ML platform in T-Bank is considered as an infrastructure product that should be almost invisible in the daily work of teams, but is critical for scaling ML production. Key idea: Encapsulate operational complexity (resources, resiliency, monitoring, reproducibility) so engineers focus on models and product value.

Who participated in the interview

Leading

Daniil Gavrilov

Head of the Research team (T-Bank).

Guest

Mikhail Chebakov

Head of ML platform development (T-Bank).

Platform evolution

Early stage

SSH clusters and manual management

The teams worked directly on the servers via SSH. This gave control, but did not scale well and made reproducibility of experiments difficult.

First platform step

Simple orchestrator

A layer of task planning and resource allocation appeared, which increased server utilization and reduced the share of manual operations.

Mature stage

ML platform as a product

The focus has shifted to data/workflow primitives, self-service and standardized paths for developing, producing and operating models.
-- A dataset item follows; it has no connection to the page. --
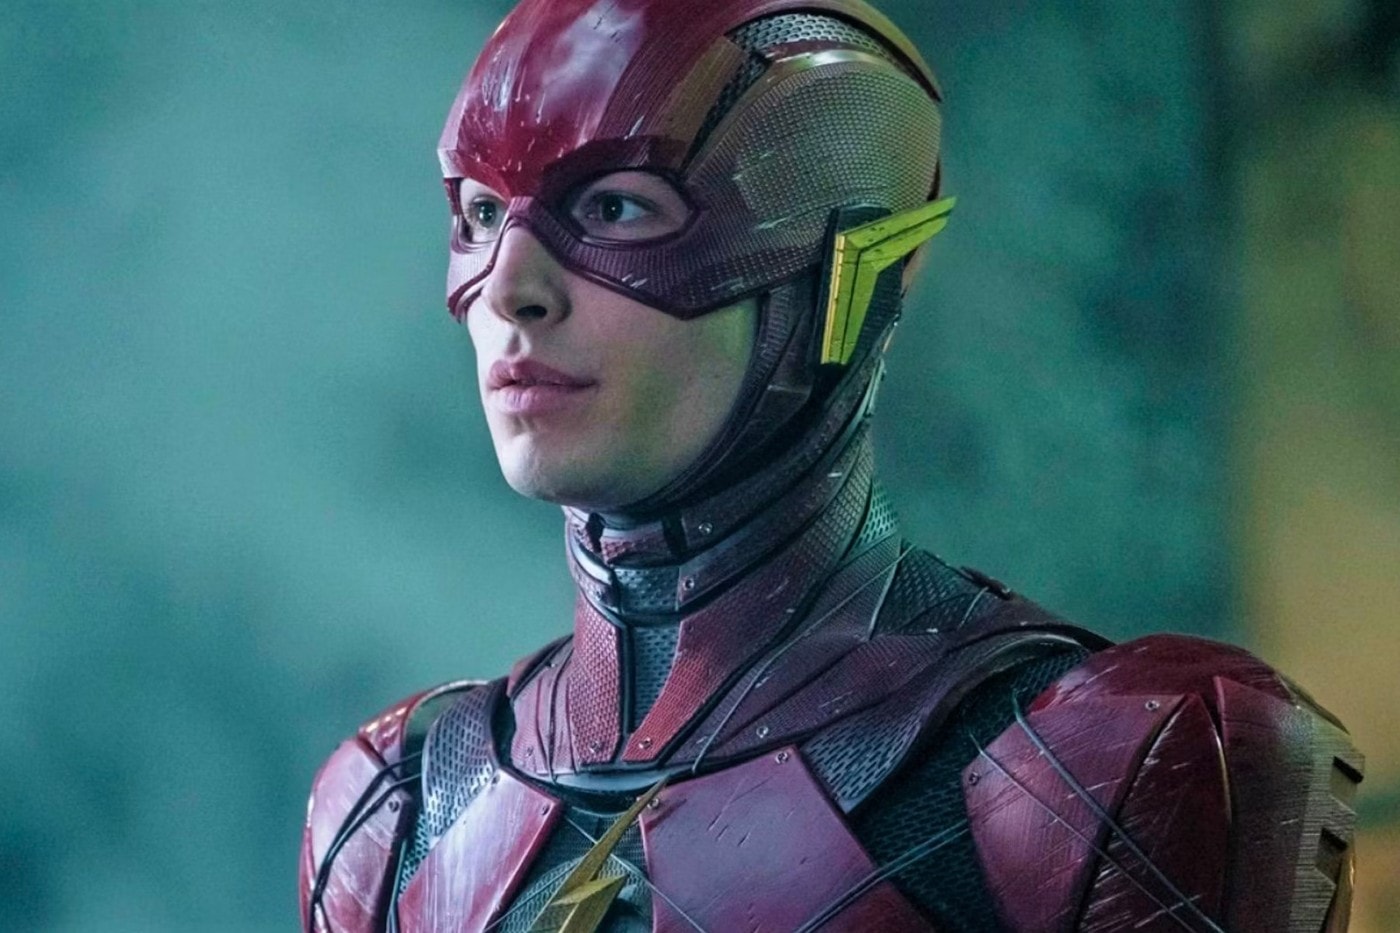 消息称《闪电侠 The Flash》将删去 Henry Cavill 和 Gal Gadot 客串片段

Three Key Domains of an ML Platform

1. Engineering experience

Interactive work of one engineer with a minimal feedback cycle.

Fast experiments, convenient launch of environments, predictable UX.

2. Production conveyors

Automate robust ML processes with a focus on repeatability.
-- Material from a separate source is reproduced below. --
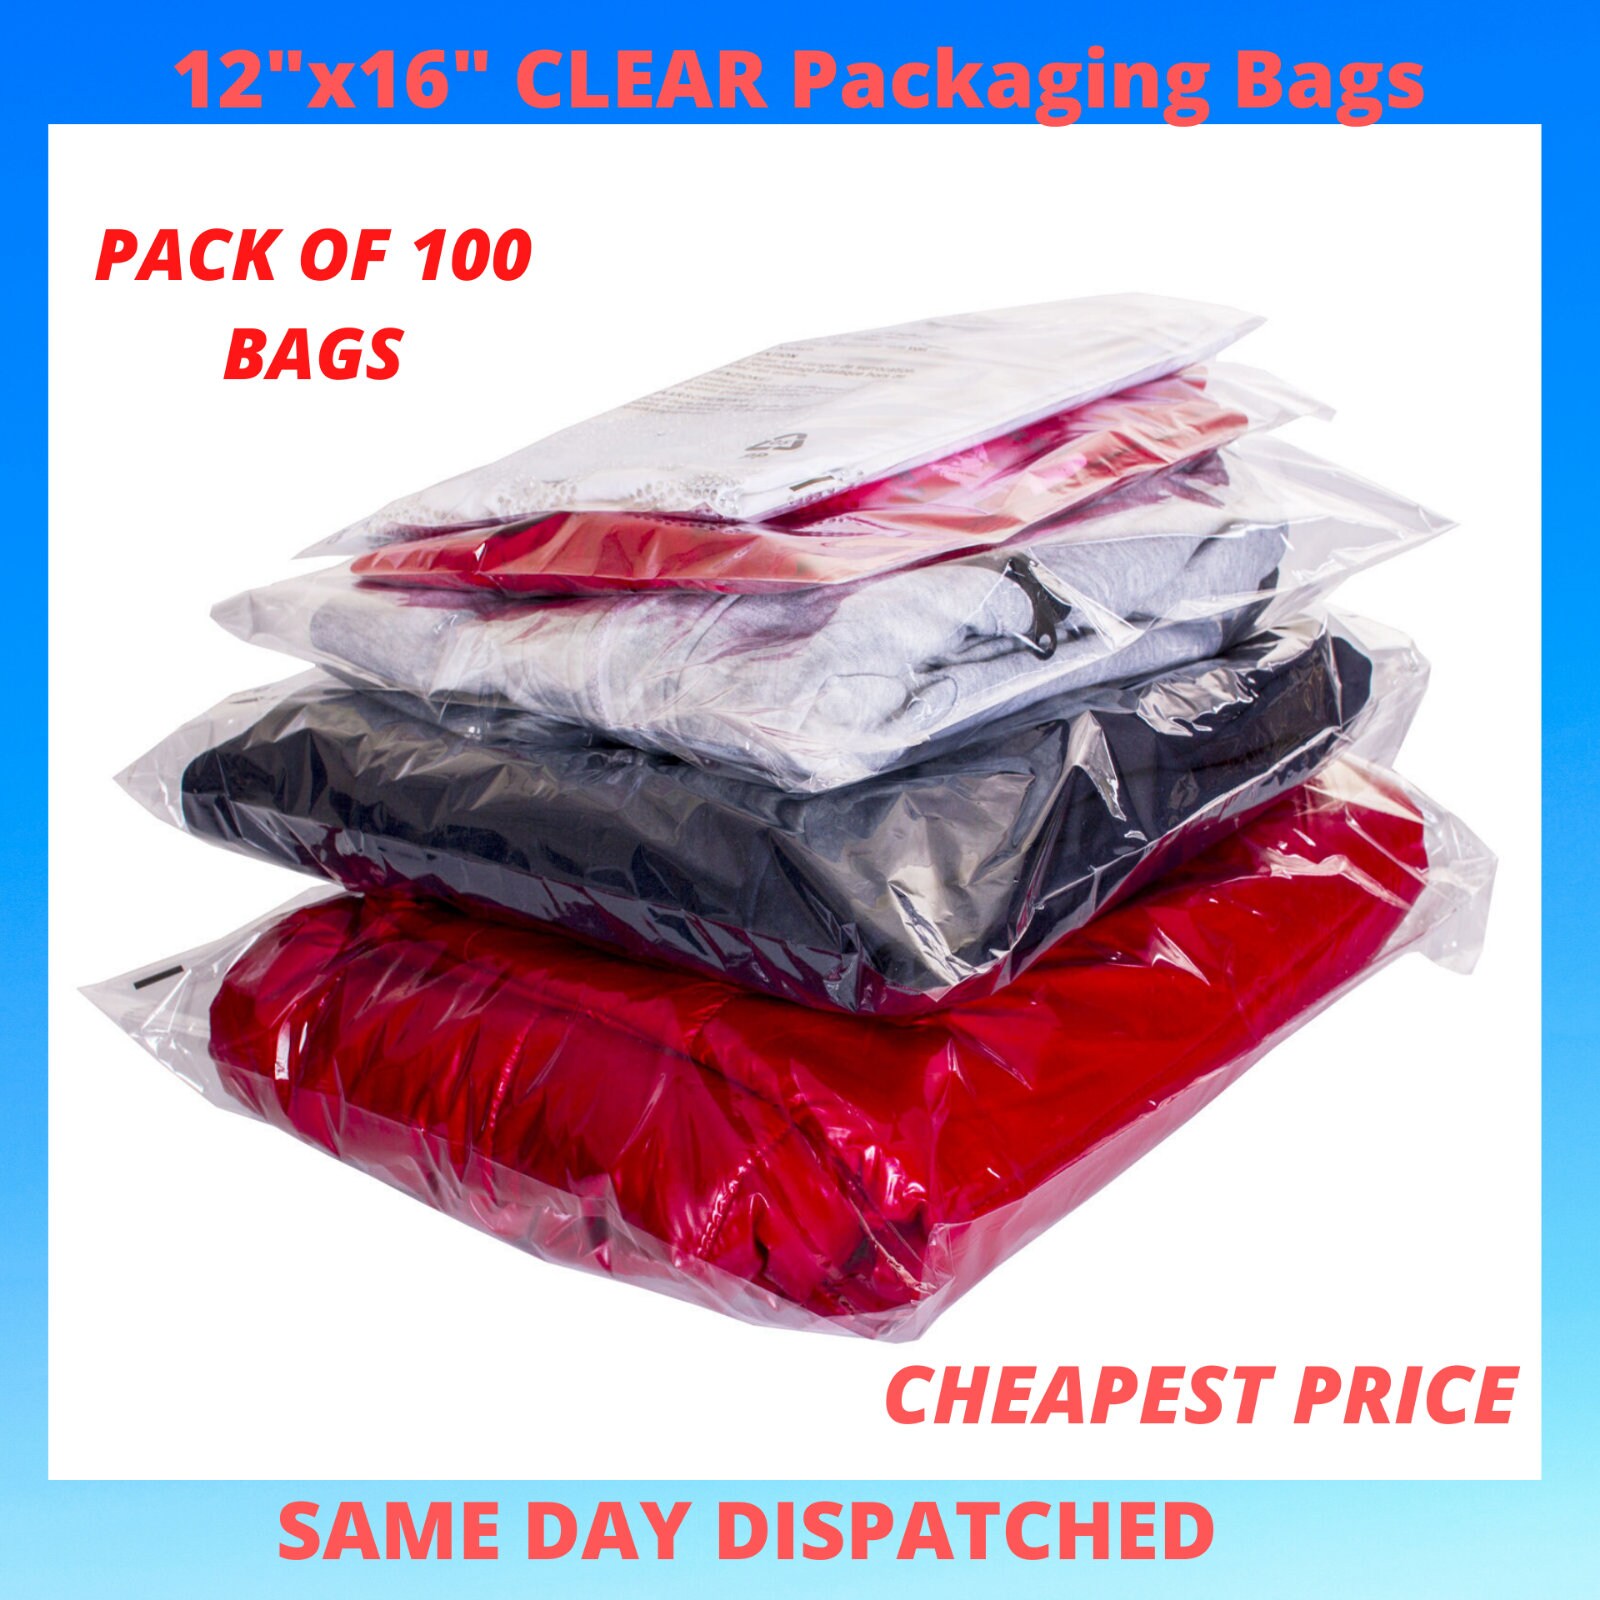 Упаковка товара на вб. Пакеты opp Bag. Opp Cellophane Bags. Пакеты для упаковки одежды. Целлофановая упаковка для одежды.

Standardized pipelines, versioning of artifacts, quality control.

3. Deployment and Operation

A reliable runtime circuit where ML solutions bring measurable business benefits.

SLO, monitoring, degradation, cost and capacity management.

ExperimentsPipelinesProduction value

Most important function: data management

A critical element was the ability to create working folders/dataspaces accessible from anywhere in the cluster, with automatic backups.

This reduces the risk of losing experimental artifacts, simplifies the processing of non-standard data, and helps move work between computational loops.

Why teams resist migrating from SSH

Feeling of complete control

The SSH approach is clear and transparent: the engineer sees the environment directly and quickly adapts open-source tools.

The hidden cost of this approach

At scale, this leads to problems with reproducibility, data loss, and the complexity of running multiple manual scripts.

Platform Design Principles

Making the right path simple

The platform should guide the user to good default practices: reproducibility, logging, backup and secure deployments.

Making the wrong way difficult

If a scenario leads to risks (data loss, unrepeatable startup, manual operation), the platform should complicate this path or block it.

UX is as important as architecture

A technically flexible solution does not equal user-friendly: functions must be discoverable and understandable without reading long documentation.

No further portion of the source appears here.